Après avoir étudié le profil des blogueurs de mode, il s’agit désormais de se
pencher sur les blogs de mode, leur forme et leur contenu…
19
2) Le blog réinterprète la mode
Les blogs de mode sont bien plus que de simples espaces d’expression pour
beaucoup de leurs auteurs. Comme nous l’avons vu dans les portraits de
blogueurs de mode, beaucoup d’entre eux sont des créatifs : illustratrices,
graphistes, photographes amateurs, stylistes … et cela se ressent dans le contenu
et l’apparence de leur blog. Ainsi, cette partie va s’attacher ici à l’étude du blog
comme lieu d’expression artistique : comme cela se manifeste-t-il ? Puis nous
nous attacherons à étudier comment, dans ces blogs, la mode est mise en scène.
Enfin ; sera développé un aspect important de cette esthétisation des blogs, à
savoir que le blog, de part cette dimension artistique, véhicule à travers l’œil du
blogueur, une forme de réalité fantasmée.

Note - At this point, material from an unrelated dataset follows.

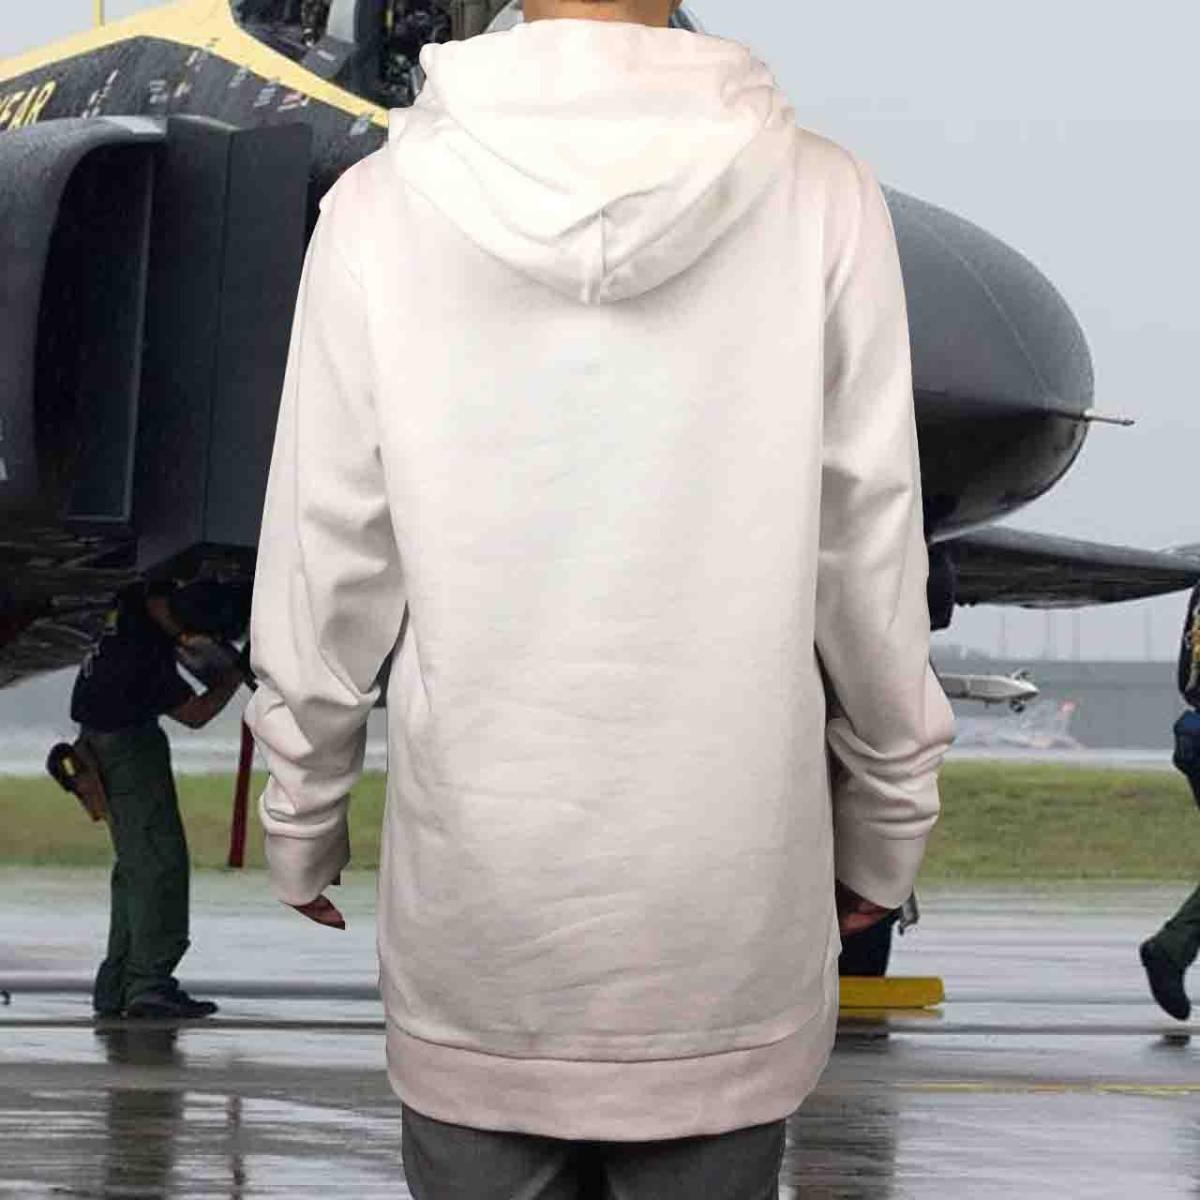 新品 トップガン マーヴェリック トムクルーズ US AIR FORCE 空軍 パーカー XS S M L XL ビッグ オーバーサイズ XXL 黒 Tシャツ ロンT 対応_画像2

a. Le blog de mode comme espace d’expression artist ique
Par bien des aspects, le blog de mode s’éloigne du schéma classique d’un
contenu constitué d’une succession d’articles et de visuels dans un ordre
chronologique. Certains ont, en réalité, une vraie dimension artistique, faisant du
blogueur un artiste/ créateur, à sa façon. Plusieurs éléments, issus de l’analyse
sémiologique de blogs, nous permettent d’illustrer ce point.
La forme la plus évidente d’expression artistique qui apparaît dans ces blogs est la
photo , et en particulier les clichés pris par les « chasseurs de style » évoqués
dans la partie précédente. Si l’on compare les photos de Mark Hunter (The
Cobrasnake ), Garance Doré, Scott Schuman ( The Sartorialist ), ou les photos de
Copenhagen Street Style, on note que les clichés ne se ressemblent pas., dans le
style ni dans le type de sujets.
Mark Hunter prend des photos de jeunes filles et jeunes garçons, dans des
ambiances de fêtes ou la nuit le plus souvent. Son style est très reconnaissable
des autres, dans la mesure où il photographie en plan serré ses modèles, et use
(et parfois abuse) du flash sur leurs visages, pour un résultat qui oscille entre
photo « entre amis » et photo amateur.
A l’opposé, Scott Schuman et Garance Doré proposent à leurs lecteurs respectifs,
des photos très raffinées et travaillées, où les modèles sont des femmes et des
hommes qui incarnent un idéal de raffinement qui tranche avec les « oiseaux de
nuit » de Mark Hunter. Scott Schuman prend ses modèles en pied, de jour, et le
20
plus souvent en extérieur. Il accorde également un grand intérêt aux matières des
vêtements portés par ses modèles. Garance Doré publie quand à elle des photos
avec une mise en scène recherchée, et qui sont le plus souvent des portraits.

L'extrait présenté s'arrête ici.